The cliffs above Cassis are the highest point along the entire Mediterranean.  They offer absolutely breathtaking (and vertigo-inducing) views of the town and coastline below..


Wednesday, October 17, 2012

A Shared Experience


There's nothing quite like traveling. The new places, the unfamiliar cultures and languages, the struggles with navigation, communication, and basic comfort that you encounter every day. And then there's the growth! The reality that each and every day you're doing something you've never quite done before, in a place you've (probably) never been, with people you've just met.







The information and ideas that you come into contact with are sometimes brand new to you, and more often than not, change your way of looking at something, or inform your perspective. Simple things become difficult, and you are constantly questioning things you thought you knew. Boundaries are pushed (in every way imaginable) and your comfort zone expands drastically- mostly because it has to.

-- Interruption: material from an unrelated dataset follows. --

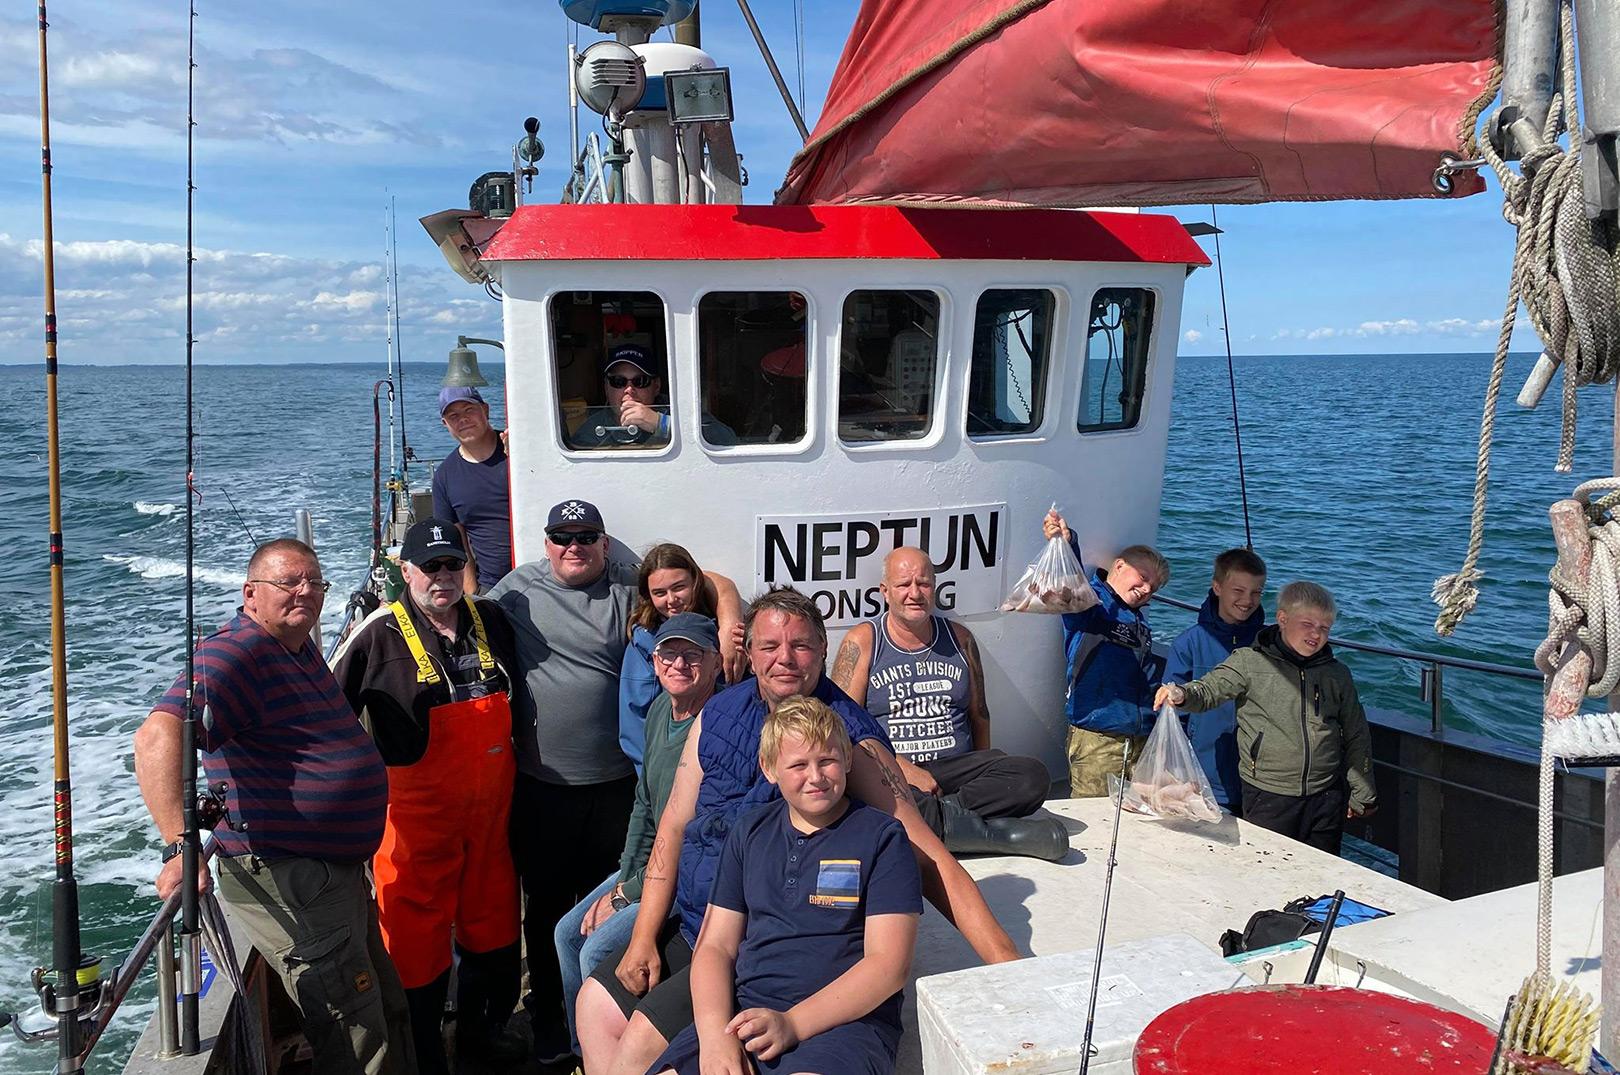 Happy Fishing på Neptun
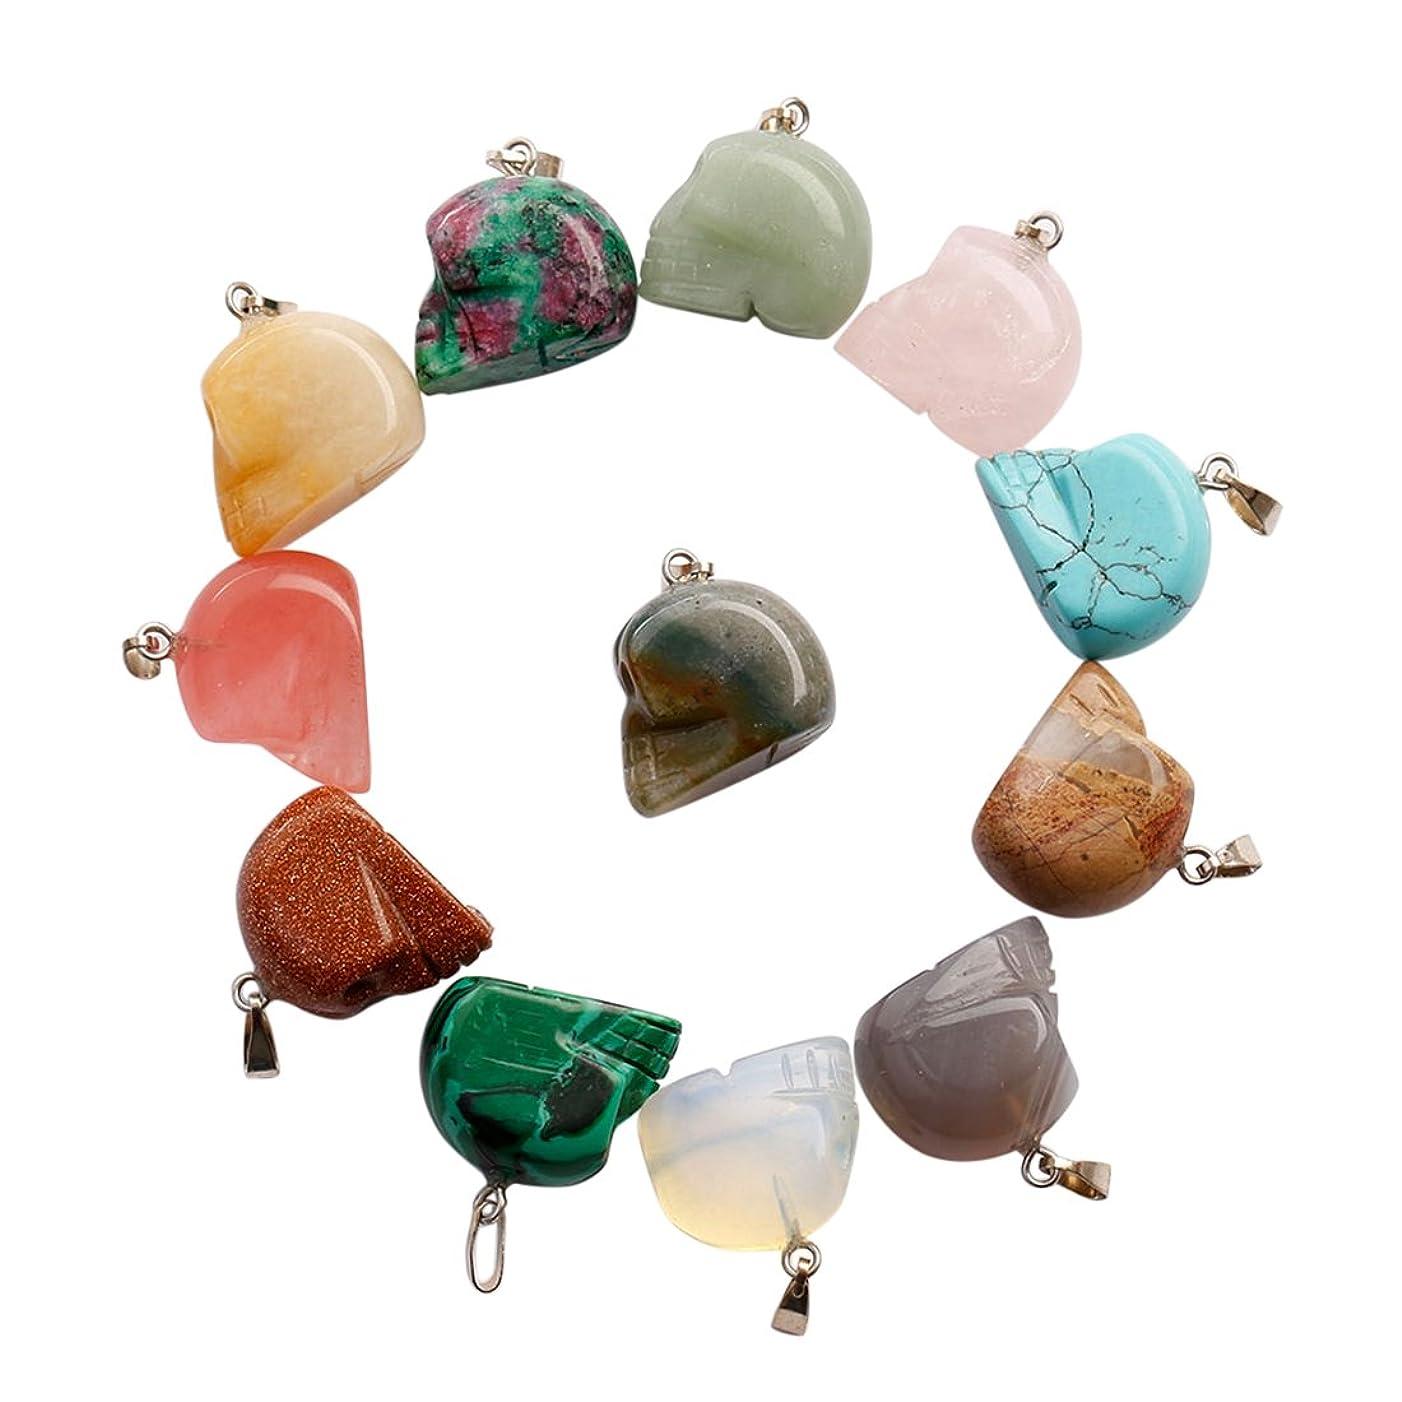 Animal Skull Head Charms Pendant Healing Crystal Quartz Chakra Beads for DIY Jewelry Making (5)

Having traveled in the past, both alone, and with my family, these are all things I was expecting to find when we started out this time, and (for the most part) things I was looking forward to. But I never anticipated the extent to which I would enjoy them differently this time around, simply for doing it with my partner. 








It's one thing to explore a beautiful new place and learn about it all on your own. It's entirely different, and in many ways, more spectacular, to do it with the person you love. To miss a train, get lost, or feel frustrated is somehow easier with someone to lean on. 


To meet an interesting person in a foreign place and become fast-friends is an amazing thing to get to experience- and to be traveling with someone with whom I get to share those experiences, those struggles, those memories, is more terrific than I could have ever anticipated. 









Wandering, getting lost, and laughing our way through new places is far more amusing and enjoyable with Sean, than I think it would be by myself, and I'm so very happy that we're sharing this adventure.